А я больше не могла терпеть то, что сейчас со мной творилось. Это противный привкус во рту становился отвратным.
– Мне надо в уборную, – пролепетала не своим голосом. Я выпуталась из оков одеяла и на нетвердых ногах пошла в туалет. Мне казалось, что сейчас я просто выверну все содержимое наружу прямо на ходу.
Столько раз меня выворачивало наизнанку, что не счесть. Никита молча подошел сзади и удерживал слабое тело так, чтобы я окончательно не упала лицом в унитаз. Слабость усиливалась с каждым позывом рвоты. Когда все закончилось. Он спросил меня только одно:
– Ты можешь быть беременной?
Когда у меня в последний раз были месячные? Так давно, что и не счесть. Страх противными щупальцами прошелся по спине.
Мы не предохранялись, Арслан часто срывался, так что да. Я могла быть беременной.
– Не знаю, – обреченно выдала, на что Никита саданул кулаком по стенке. Сбивая руки в кровь снова.
В тот день он ушел, оставив меня наедине со своими страхами. Я не знала, смогла ли достучаться до него, не знала, по сути, ничего. Моя комната была заперта, окно на проветривании. Но не стала бы я сбегать с третьего этажа по веревке?
Даже горько усмехнулась от своих больных мыслей.

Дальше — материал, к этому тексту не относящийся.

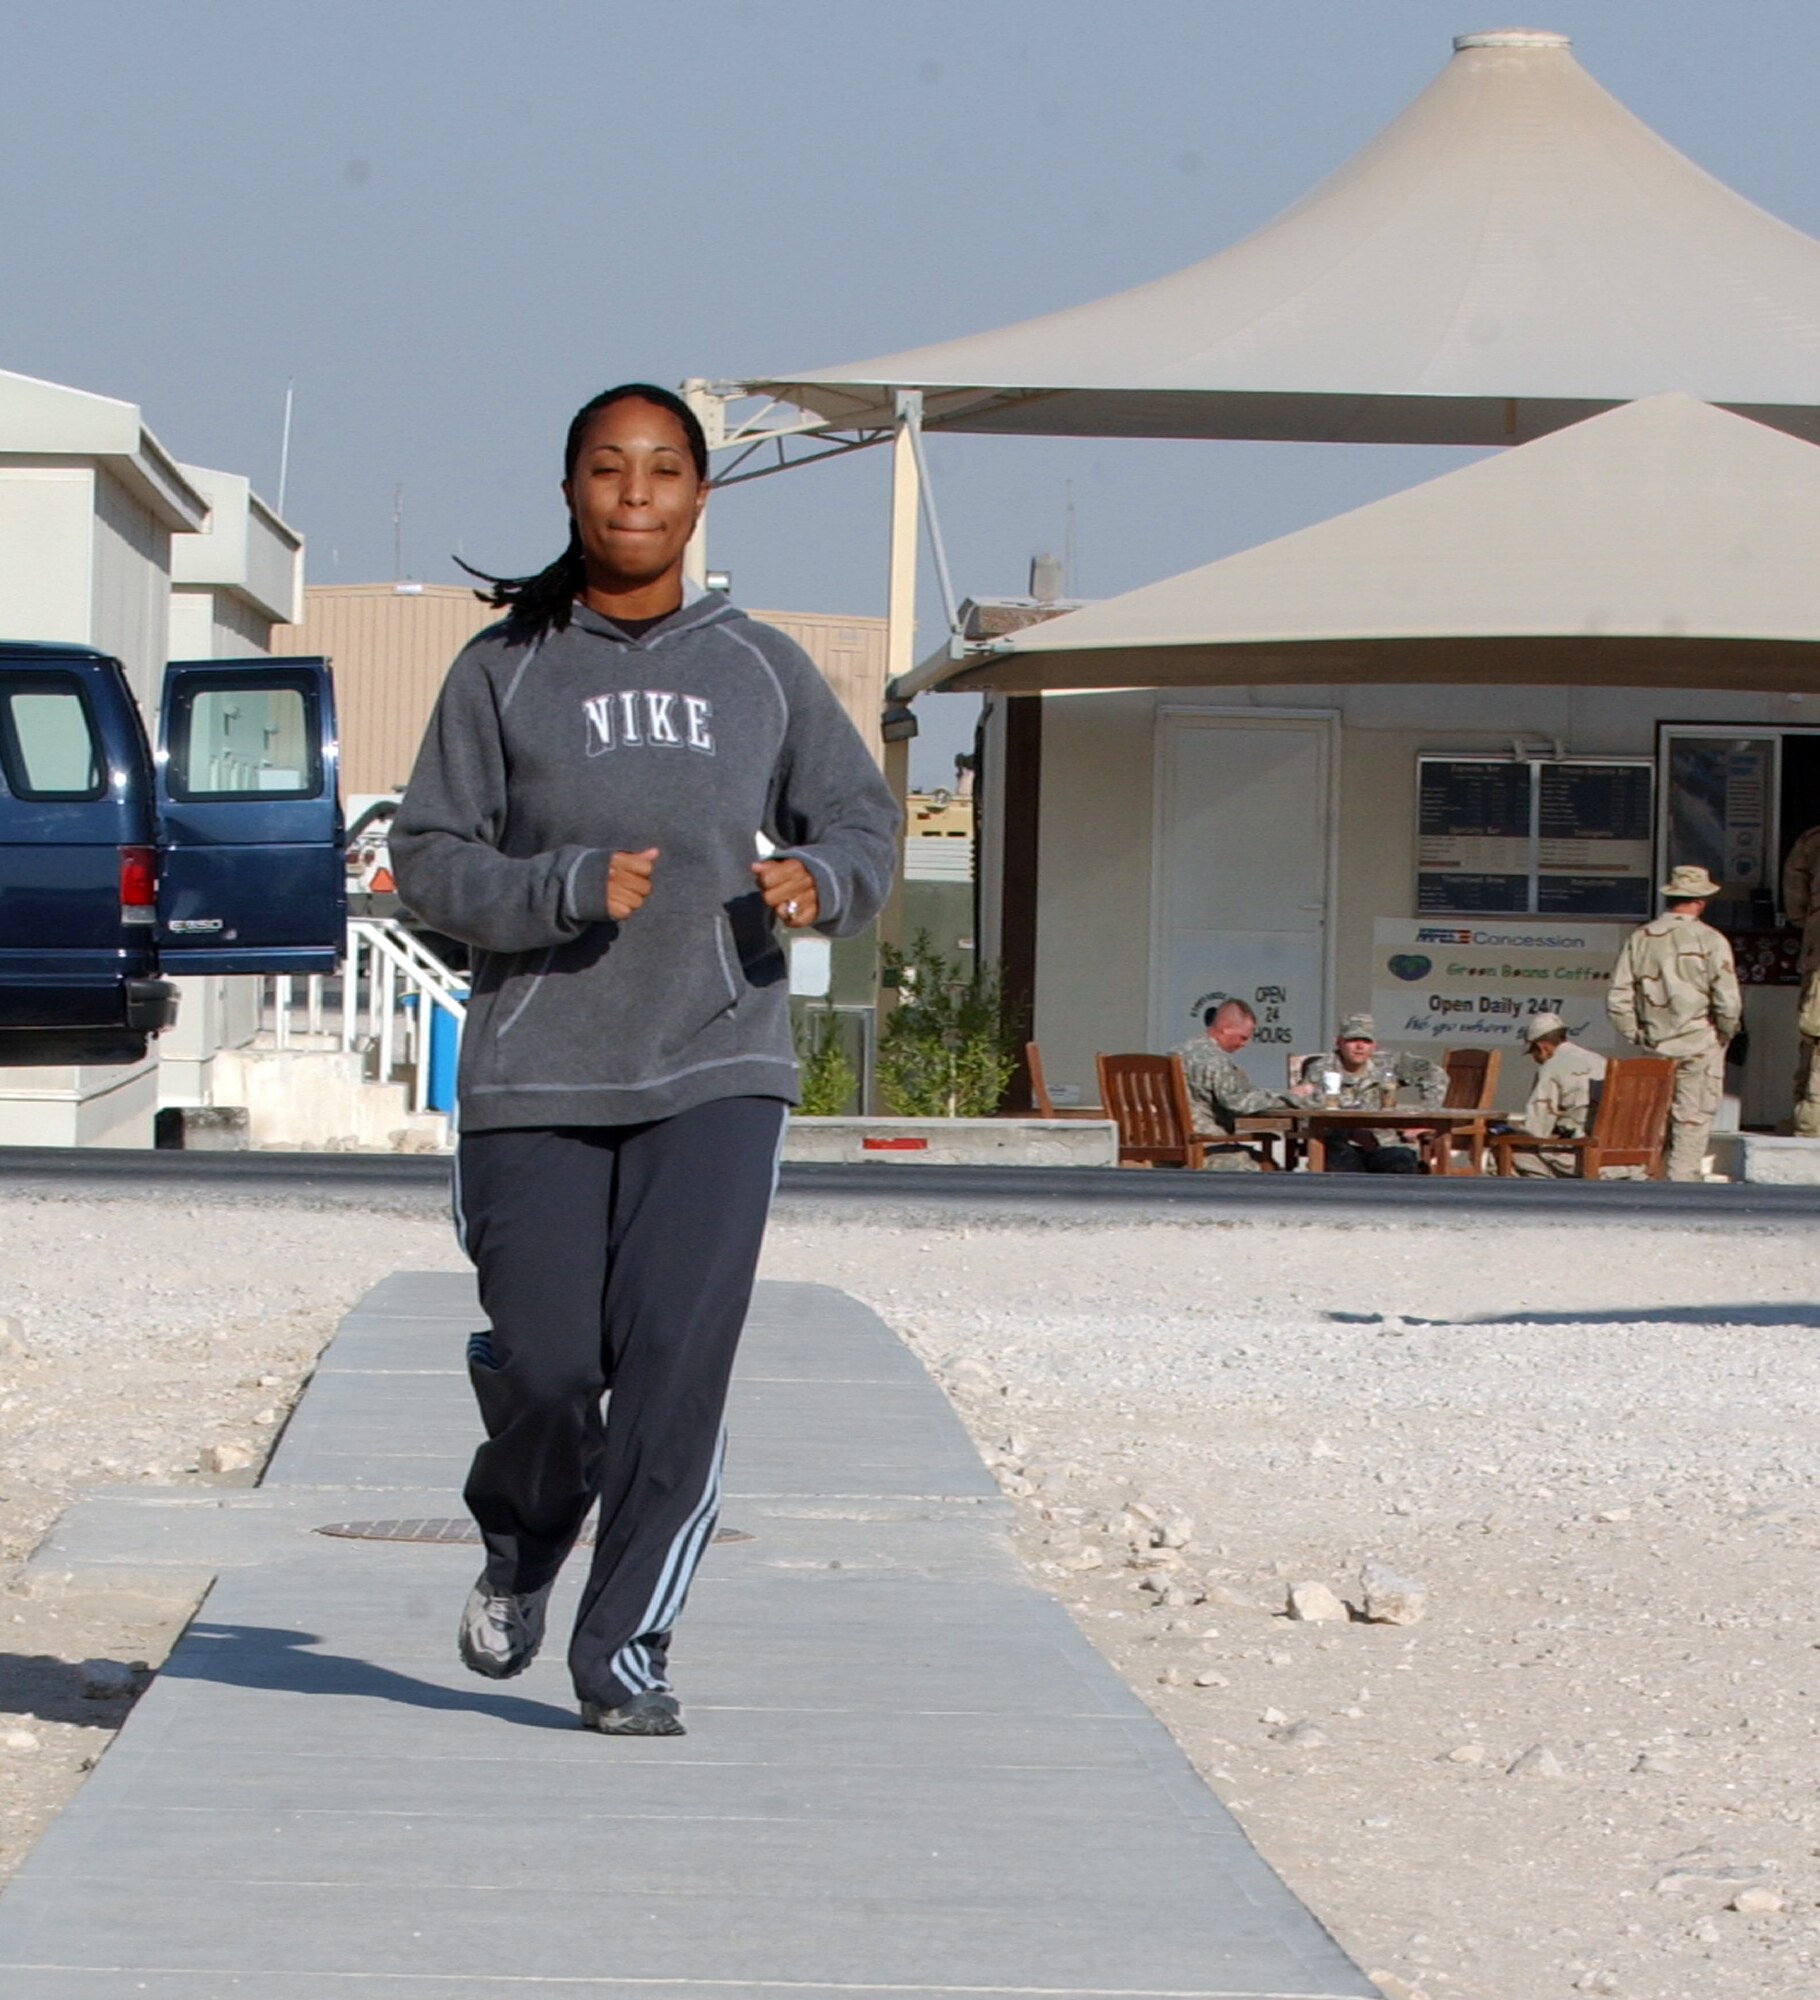 SOUTHWEST ASIA (AFPN) -- Tech. Sgt. Andrea Allen runs 3 miles during her deployment. She is with the 379th Air Expeditionary Wing's safety office at a forward-deployed location. The 3-mile run is a goal she made when she first arrived here. (U.S. Air Force photo by Staff Sgt. Joshua Strang)

Наш разговор с Никитой наложил на меня свой отпечаток. Я свернулась калачиком на кровати и уже атаковала свой мозг всем сразу. Страхом за Арслана, за Никиту, догадками о том, что может случиться с ними и нами, подозрениями в беременности. Все скопом, вихрем кружило в воспаленном мозгу. Потому, когда Никита молча пришел под вечер с пакетом тестов на беременность, я не сразу поняла это. Только после касания теплой ладони к щеке.
– Сделай, – одно слово и протянутая рука.
Пульсация в голове усиливалась с каждым моим движением. Я не помнила себя, когда делала все четко по инструкции на упаковке. Не помнила, как ждала результат.
Зато я на всю жизнь запомню тот момент, когда мои глаза напоролись на две полоски на тесте. И я запомню расширившиеся от ужаса глаза Никиты. В них было так много боли, ненависти и неприкрытой злобы, что меня отшатнуло.
– Ты хочешь этого ребенка? – он жестко зафиксировал мой подбородок, пока я вся тряслась, как осиновый лист.
Я бы никогда не смогла причинить своему ребенку вред. Никогда. Сил на ответ не было, я плакала и кивала.
– Значит, ты прекращаешь истерику и делаешь то, что я говорю.
Голубые глаза задержались на моих губах на мгновения. Я думала, что Никита снова мог бы сорваться. И тогда я бы просто распалась окончательною, но он прикрыл глаза, столкнулся лбом с моим и отпустил меня.